Local read and write test:

Mounting the file system of JuiceFS to the ClickHouse storage policy, the SSBM test results are as follows:

From a ClickHouse perspective, query performance is comparable to, or even slightly better, than PL0. (PL0 costs a lot more than OSS)

However, in the end we didn’t use JuiceFS for the following reasons:

The entire JuiceFS architecture introduces third-party storage media to hold file metadata.

The use of Redis for metadata storage does not guarantee metadata consistency, and ClickHouse is at risk of losing data if a switch occurs in Redis and metadata is lost.

The metadata store uses MySQL, QPS, and RT to meet the frequency of ClickHouse high-speed file access to metadata.

The metadata store uses TiKV, which increases the complexity of O&M.

Based on the above problems, we want to avoid the introduction of other technology stacks to bring additional operation and maintenance costs, of course, this is not to say that JuiceFS has any drawbacks, but in our case we need to introduce as few other components as possible. It just so happens that we have an off-the-shelf object storage service. So I continued to test the native OSS mounting scheme (that is, the scheme to be discussed below). This survey also gave us an in-depth understanding of the architecture and advantages of JuiceFS, laying the foundation for subsequent application in other scenarios.

2) Scenario 2: ClickHouse + OSS (our final choice of solution)

ClickHouse’s native MergeTree itself supports direct mounting of S3 as a data disk, and we tested based on this feature and the results were as expected. Although the official demo is S3, it can also be used because OSS also supports the S3 protocol.
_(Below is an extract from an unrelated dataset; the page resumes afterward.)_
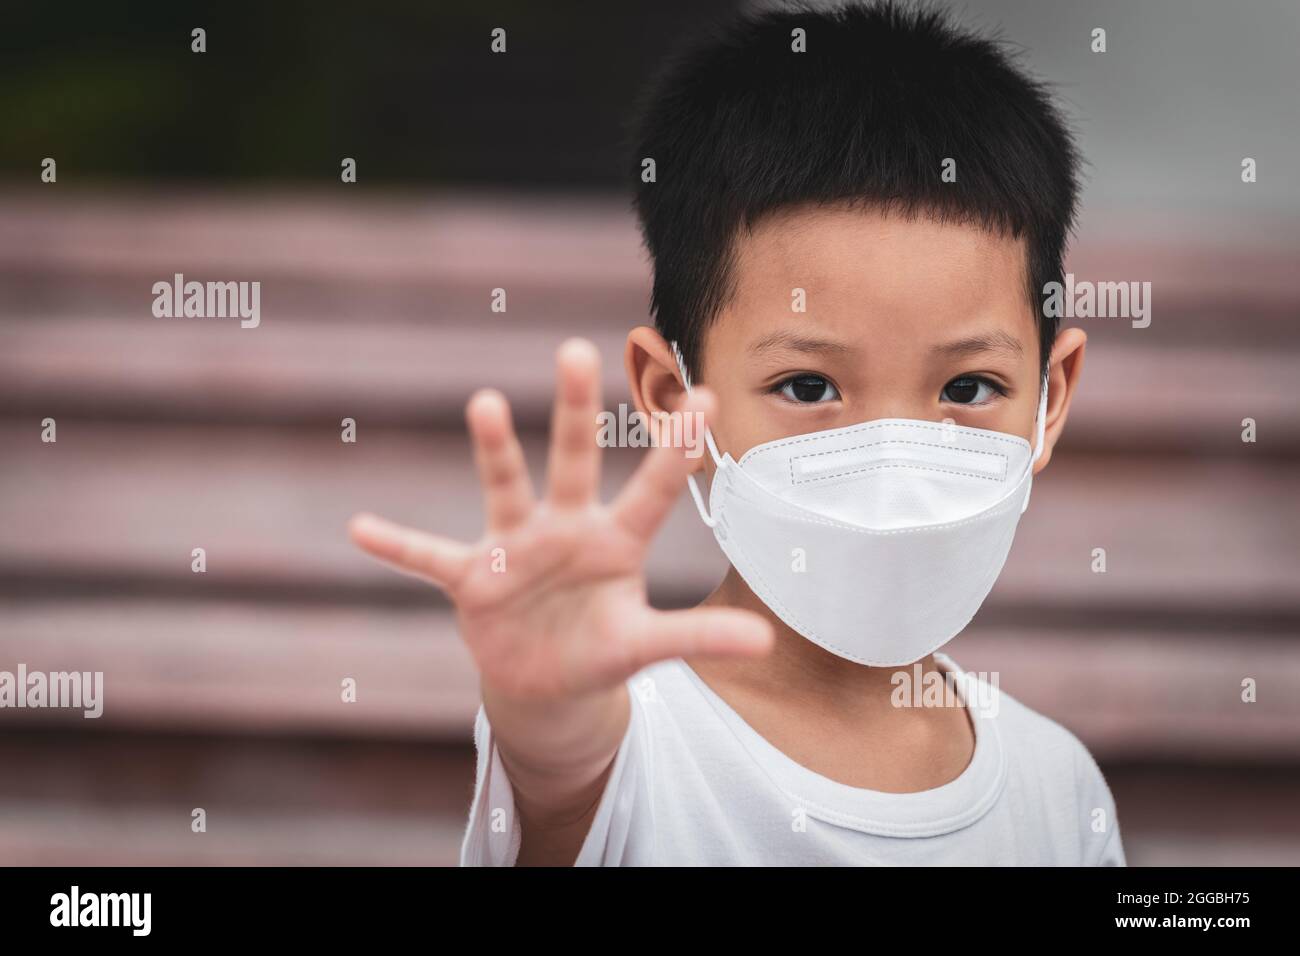 Asian little child showing stop his hand. A kid wearing face mask. Domestic Family violence concept. stop sign. focus face. Stock Photo

It should be noted that endpoint must start with http here, otherwise it cannot be mounted normally.

The storage policy is configured as follows:

Test Conditions:

Write tests, move data from the hot disk to OSS.

OSS writes can be to 7Gb/s.

Rebooting the cluster also starts quickly.

The architecture of this solution is simple and reliable, which is convenient for O&M, and finally we chose to mount OSS directly. When you select OSS, you can save up to 66% on the amount of data archived compared to ESSD PL0. In addition, we apply for a separate OSS bucket for each cluster, which reduces costs and satisfies sufficient write performance. At present, the log platform has begun to migrate the log to meet the archiving strategy, which is believed to save a lot of money.

5. Storage architecture

Based on the above scenario, our log platform storage architecture is as follows:

The architecture takes full advantage of the infrastructure on the cloud, such as:

Based on the ESSD cloud disk, a single-copy storage architecture is implemented (the cloud disk has already implemented multi-copy storage), and if the ClickHouse node fails, the ESSD disk will be migrated together. You can implement hot (memory copy) migration or self-trigger migration;

Based on the local expansion capability of ESSD, the vertical expansion of disk space can be completed without loss, and the service is not affected; For example, the storage space in the early stage is not much, you can give 50% of the budget first, and then expand the capacity as the data volume gradually rises;

Based on the scaling and scaling capability of ECS, it can quickly expand the capacity of nodes or reduce the cost of allocation. Because ClickHouse itself does not have the ability to automate reblance, we can first give more low-allocation nodes, and later carry out vertical upgrade of ECS with the increase of business volume;

Based on low-cost object storage OSS, archive data is stored with little or no access. If you build it yourself through an HDD, you need to invest it all at once. OSS on the cloud can be charged on a per-volume basis, which is relatively cost-effective.

Sixth, summary

This article mainly explains some of the things that the DBA team participated in the business transformation of the logging platform in the previous period, such as table field index design suggestions, expiration policy scheme development, SQL writing and optimization suggestions, and providing cost reduction solutions. Finally, through the efforts of the research and development students of the log platform, we migrated the log platform storage from ES to ClickHouse, which not only obtained high-performance write capabilities, but also saved more than 50% of storage costs.